Comment by anigbrowl
I know what gravitational lensing is, but that's not what I have in mind (or rather, my gut - while I have a strong hunch about this, I do not want to invest the years of hard study to validate it or more likely end up in a dead end).
My hunch is that rather than space being a contiguous void with isolated mass of gravity behaving like tiny monopolar magnets, at the intersection between different mass systems there are 'surfaces' of some sort like the walls of a bubble in a pile of foam, and that if you could encounter this 'surface' you would either be repelled by it (most likely) or make contact and be able to slide around on it, and then once you got to the angles where walls joins, you would be able to zip along the intersections at great speed in ways that defy conventional physics. I can't really explain it in greater depth, it's an intuition that's half lifelong fascination with looking at soap films and what foam does, and half 'it came to me in a dream.'
Your comment reminds me of a picture I saw a few days ago of a telescope shot, caption "there are no stars in this picture, only galaxies" and there were so.

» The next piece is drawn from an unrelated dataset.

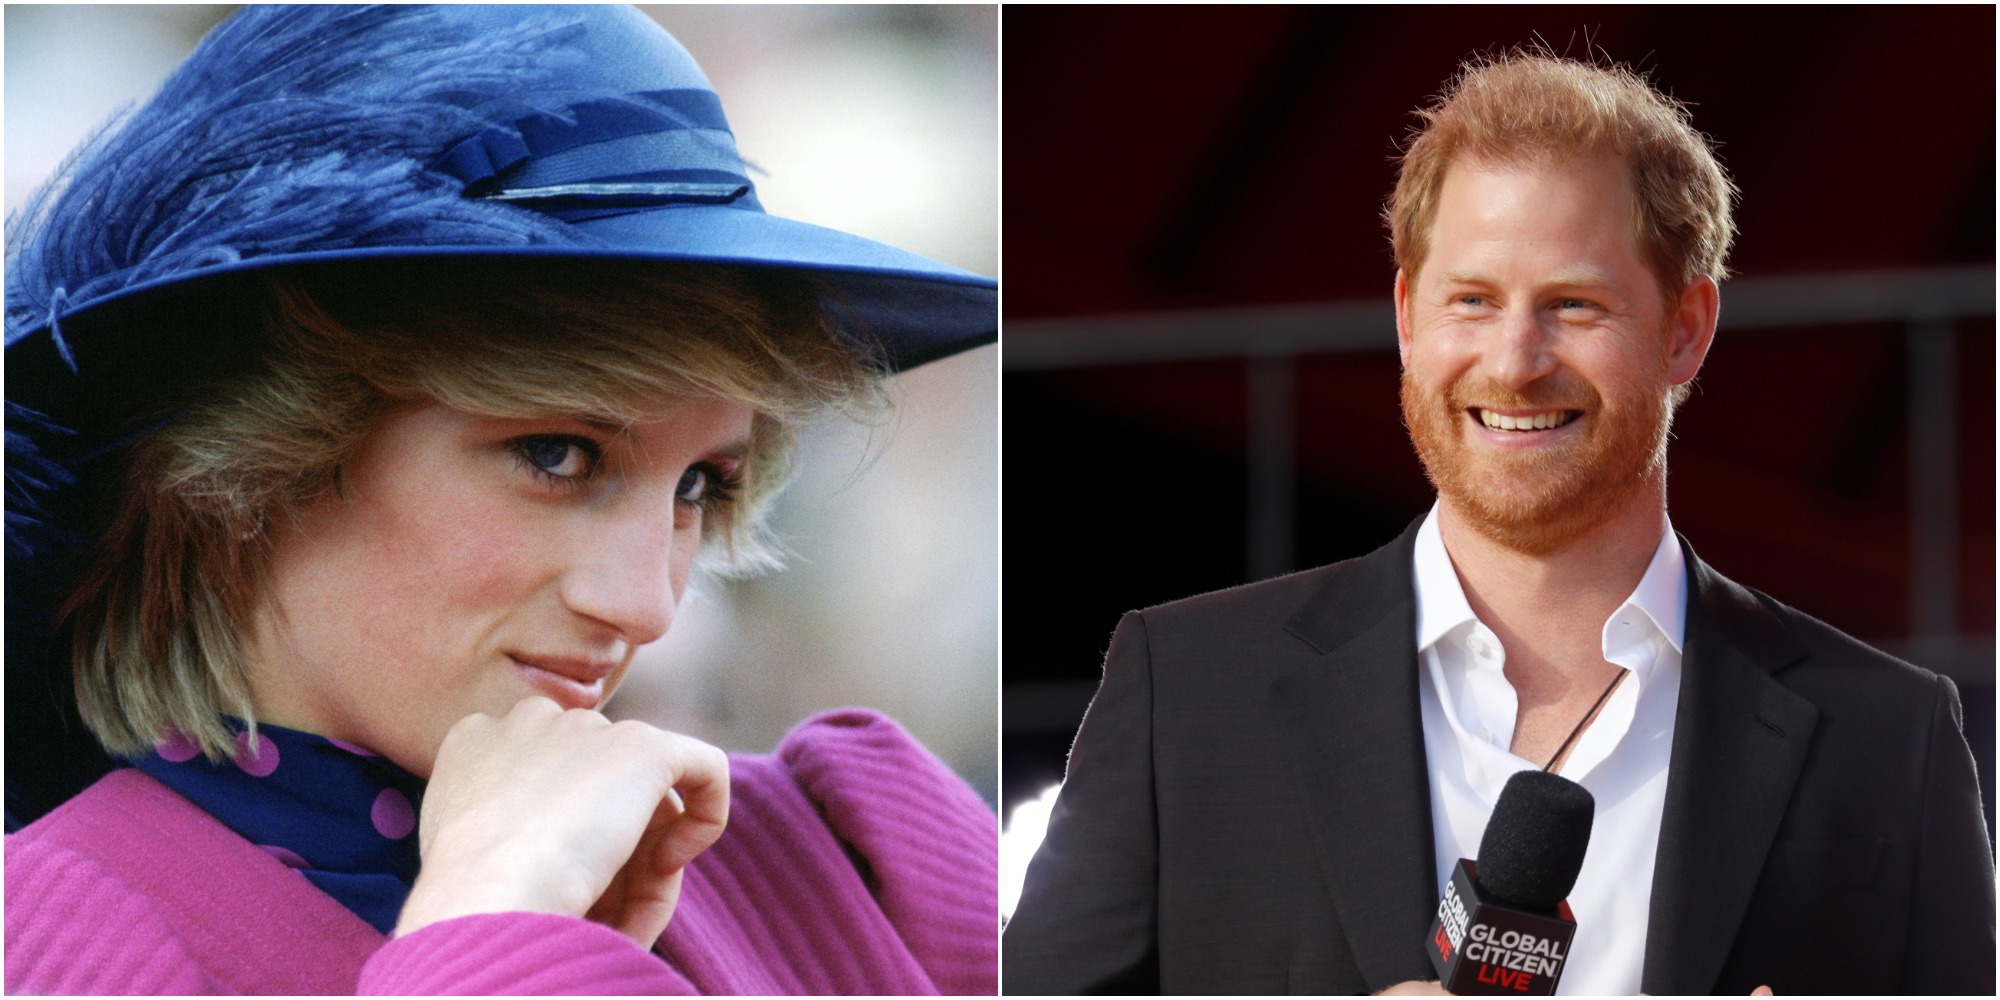 Princess Diana and Prince Harry in side-by-side images.

Many. Bright spots.
I don't know where or when it was taken, or what part of the sky that happens in. Maybe it's just a really long lens, so it's seeing "through" the galaxy we normally see "stars" from?
Anyhow, how do you think you could prove this or how someone could prove it? Is it like, two observers on opposite sides of the planet observing the same thing, say during an eclipse or something? Maybe radioastronomy?